Microsoft seizes RedVDS infrastructure, disrupts fast-growing cybercrime marketplace

Microsoft announced Wednesday that it worked with international law enforcement to seize infrastructure used to run cybercrime subscription service RedVDS and organized civil actions in the United States and United Kingdom to disrupt its further use. 

RedVDS has enabled at least $40 million in fraud losses in the U.S. since March 2025, according to Microsoft. Victims that are joining Microsoft as co-plaintiffs in the civil action include Alabama-based H2 Pharma, a pharmaceutical company that lost more than $7.3 million, and Florida-based Gatehouse Dock Condominium Association, which was tricked out of nearly $500,000. 

“For as little as US $24 a month, RedVDS provides criminals with access to disposable virtual computers that make fraud cheap, scalable and difficult to trace,” Steven Masada, assistant general counsel at Microsoft Digital Crimes Unit, said in a blog post. “It provides access to cheap, effective, and disposable virtual computers running unlicensed software, including Windows, allowing criminals to operate quickly, anonymously and across borders.”

Microsoft said a joint operation with Europol and authorities in Germany allowed it to seize RedVDS’s infrastructure and take the marketplace offline. Cybercriminals used the site, which included a loyalty program and referral bonuses for customers, to send high-volume phishing attacks, host infrastructure for scams and facilitate fraud such as business email compromise.

Microsoft customers were among those impacted by RedVDS’s tools and services. 

“Since September 2025, RedVDS‑enabled attacks have led to the compromise or fraudulent access of more than 191,000 Microsoft email accounts across over 130,000 organizations worldwide,” Masada said in the blog post. “These figures represent only a subset of the impacted accounts across all technology providers, illustrating how quickly this infrastructure increases the scale of cyberattacks.”

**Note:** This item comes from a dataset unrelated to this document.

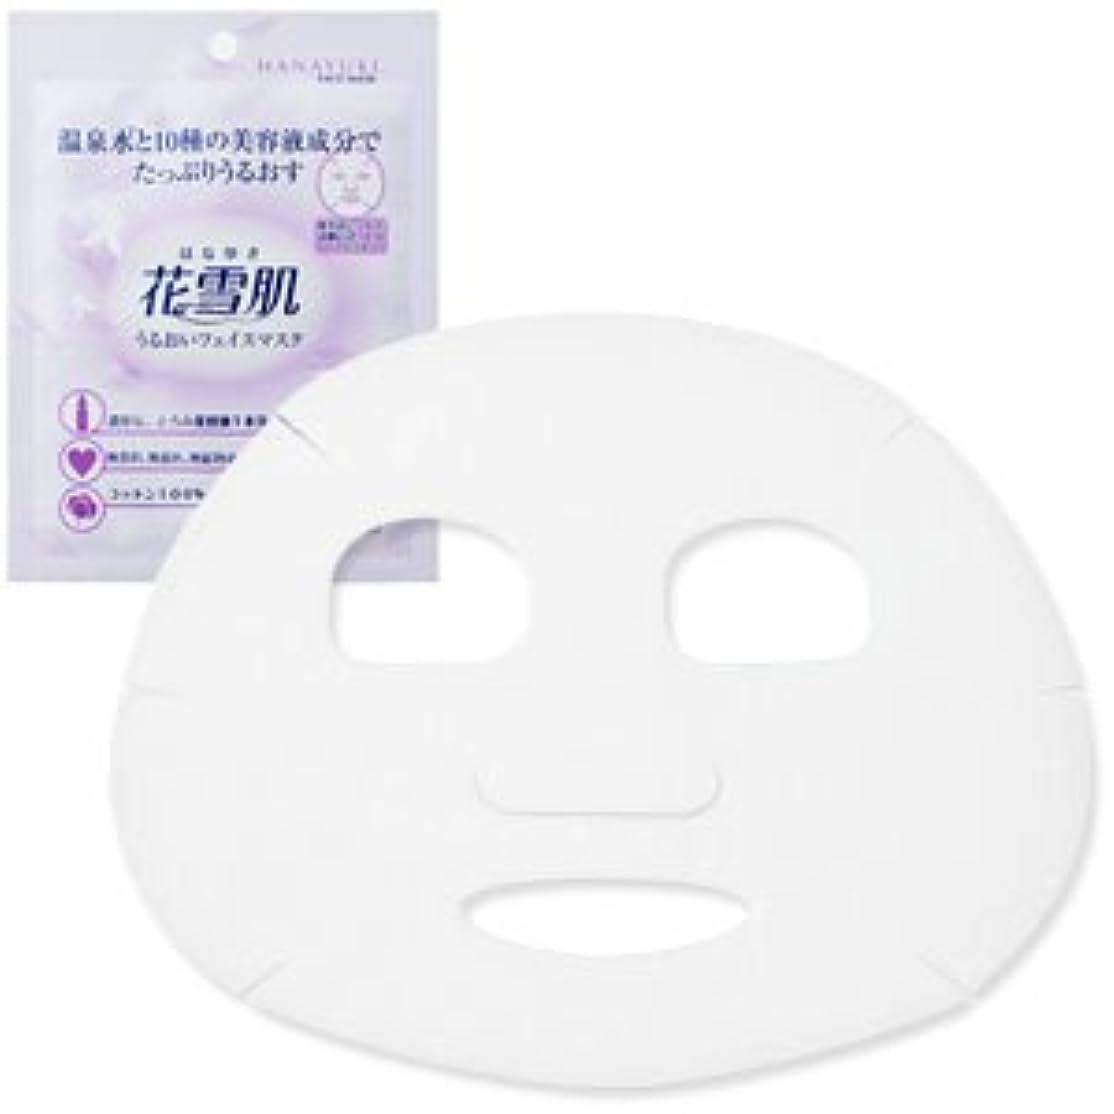 発表音節ホイップ花雪肌 うるおいフェイスマスク 10枚セット [10種類の美容液成分を配合] ヒアルロン酸 コラーゲン フェイスパック

Over the course of a month, more than 2,600 RedVDS virtual machines sent Microsoft customers an average of one million phishing messages per day, Masada added. 

RedVDS facilitated payment diversion fraud against organizations like H2 Pharma and the Gatehouse Dock Condominium Association through business email compromise. The marketplace was also used to compromise the accounts of realtors, escrow agents and title companies to divert payments, according to Microsoft.

More than 9,000 customers, many in Canada and Australia, were directly impacted by real estate-related fraud aided by RedVDS. Microsoft Threat Intelligence said other scams enabled by RedVDS hit organizations in construction, manufacturing, healthcare, logistics, education and legal services.

Researchers said the marketplace’s user interface was loaded with features that allowed eager cybercriminals to purchase unlicensed and inexpensive Windows-based remote desktop protocol servers with full administrator control. RedVDS reused a single, cloned Windows host image across the service, which allowed researchers to find unique technical fingerprints.

The group that develops and operates RedVDS is tracked by Microsoft as Storm-2470. At least five additional cybercrime groups and cybercriminals who used the Racoon0365 phishing service prior to its takedown in October were also using RedVDS infrastructure, according to Microsoft Threat Intelligence.

RedVDS’s site first launched in 2019 and has remained in operation since providing servers in the U.S., U.K., Canada, France, the Netherlands and Germany. The marketplace “has become a prolific tool for cybercriminals in the past year, facilitating thousands of attacks, including credential theft, account takeovers and mass phishing,” researchers said in a report.

RedVDS rented servers from third-party hosting providers, including at least five hosting companies in the U.S., Canada, U.K., France and the Netherlands. This allowed RedVDS to provision IP addresses in geolocations close to targets, allowing cybercriminals to evade location-based security filters and blend in with normal data center traffic, researchers added. 

“Cybercrime today is powered by shared infrastructure, which means disrupting individual attackers is not enough,” Masada said. “Through this coordinated action, Microsoft has disrupted RedVDS’s operations, including seizing two domains that host the RedVDS marketplace and customer portal, while also laying the groundwork to identify the individuals behind them.”